1 0. A backing film that can be peeled off at the interface with the base film is bonded to one side of a base film composed of a 3 to 50 μπι plastic film with a gas barrier function. On the opposite side of the base film surface, a coating layer is formed by applying a coating solution for forming a transparent conductive layer mainly composed of conductive oxide fine particles, a binder and a solvent, and has a backing film on one side. And after compressing with respect to the base film in which the said coating layer was formed, the coating layer is hardened and a transparent conductive layer is formed, The manufacturing method of the flexible transparent conductive film characterized by the above-mentioned.

11. The flexible film according to claim 10, wherein the base film is formed by laminating a plurality of plastic films having a gas barrier function, and the gas film function of the base film is enhanced. A method for producing a transparent conductive film.

12. The method for producing a flexible transparent conductive film according to claim 10 or 11, wherein the gas barrier coating is applied to a plastic film to give the gas barrier function.

1 3. The method for producing a flexible transparent conductive film according to item 10, wherein the compression treatment is performed by rolling a roll.

14. The rolling treatment is performed under the condition of linear pressure: 29.4 to 490 N / mm (30 to 500 kgf / cm). The manufacturing method of the flexible transparent conductive film as described in a term.

1 5. On the opposite side of the backing film of the flexible transparent conductive film according to any one of claims 1 to 9, a liquid crystal display device, an organic electroluminescence device, and an inorganic dispersion type electre are provided. A flexible functional element, wherein a functional element of either an oral luminescence element or an electronic paper element is formed, and the backing film is peeled off at the interface with the base film.

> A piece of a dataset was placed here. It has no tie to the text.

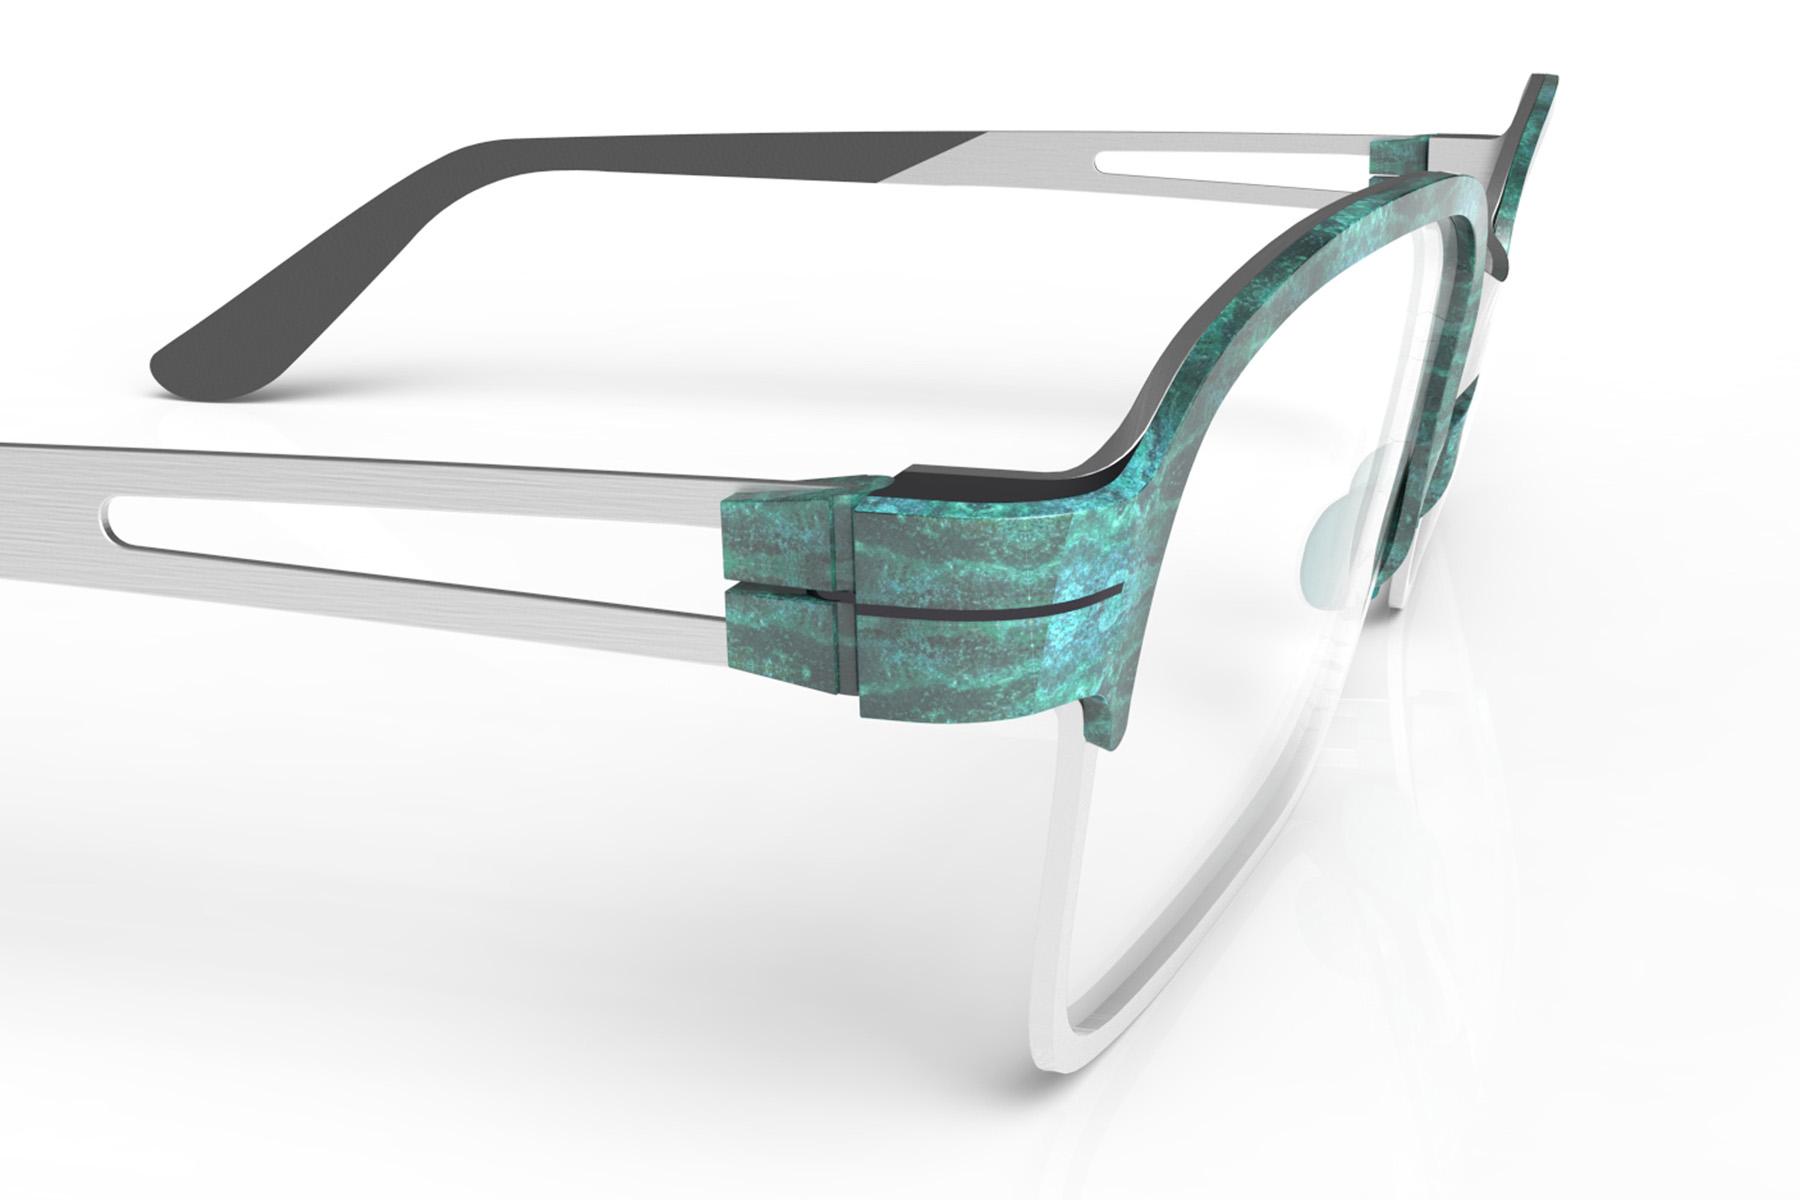 Luxottica - Full Metal Frame - Brignetti Longoni Design Studio

1 6. On the opposite side of the backing film of the flexible transparent conductive film according to any one of claims 1 to 9, a liquid crystal display device, an organic electroluminescence device, an inorganic dispersion-type electronic device is provided. Form a functional element, either a luminescence element or an electronic paper element, and apply the backing film at the interface with the base film. A method for producing a flexible functional element, comprising peeling and removing.